> _EXERCISE DETAILS_:
Transcribe the records word for word, beginning with the first line and ending with the line that contains "7d3202153a8 Maidenform Shapewear"; include nothing else.

SUPPLIED RECORDS Start Marker

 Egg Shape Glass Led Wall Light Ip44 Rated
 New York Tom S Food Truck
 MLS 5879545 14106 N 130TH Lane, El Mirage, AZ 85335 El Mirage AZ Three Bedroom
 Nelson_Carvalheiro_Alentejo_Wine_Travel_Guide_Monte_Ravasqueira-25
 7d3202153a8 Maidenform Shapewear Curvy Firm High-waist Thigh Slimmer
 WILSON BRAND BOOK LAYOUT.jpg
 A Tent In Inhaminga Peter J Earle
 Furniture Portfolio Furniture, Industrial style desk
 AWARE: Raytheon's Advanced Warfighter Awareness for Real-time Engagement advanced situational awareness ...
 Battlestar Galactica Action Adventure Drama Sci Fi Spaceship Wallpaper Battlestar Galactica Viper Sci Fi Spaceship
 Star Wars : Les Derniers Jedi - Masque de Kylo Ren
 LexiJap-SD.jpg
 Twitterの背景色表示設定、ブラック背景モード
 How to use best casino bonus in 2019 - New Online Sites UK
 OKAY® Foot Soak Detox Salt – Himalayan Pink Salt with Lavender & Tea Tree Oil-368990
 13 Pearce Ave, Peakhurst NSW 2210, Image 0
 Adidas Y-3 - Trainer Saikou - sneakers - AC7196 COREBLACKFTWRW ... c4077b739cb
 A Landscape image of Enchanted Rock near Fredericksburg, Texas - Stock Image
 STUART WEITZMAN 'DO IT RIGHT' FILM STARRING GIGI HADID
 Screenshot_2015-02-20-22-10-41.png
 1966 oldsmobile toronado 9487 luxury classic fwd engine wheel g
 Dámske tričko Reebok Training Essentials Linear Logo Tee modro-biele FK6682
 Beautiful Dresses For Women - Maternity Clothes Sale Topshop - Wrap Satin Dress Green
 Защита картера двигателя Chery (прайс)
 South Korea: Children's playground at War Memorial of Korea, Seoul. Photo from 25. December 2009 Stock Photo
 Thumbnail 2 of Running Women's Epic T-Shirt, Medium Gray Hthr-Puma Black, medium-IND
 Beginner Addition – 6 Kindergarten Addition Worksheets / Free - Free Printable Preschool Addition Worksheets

SUPPLIED RECORDS End Marker

> _RESULT FOR THIS EXERCISE_:
 Egg Shape Glass Led Wall Light Ip44 Rated
 New York Tom S Food Truck
 MLS 5879545 14106 N 130TH Lane, El Mirage, AZ 85335 El Mirage AZ Three Bedroom
 Nelson_Carvalheiro_Alentejo_Wine_Travel_Guide_Monte_Ravasqueira-25
 7d3202153a8 Maidenform Shapewear Curvy Firm High-waist Thigh Slimmer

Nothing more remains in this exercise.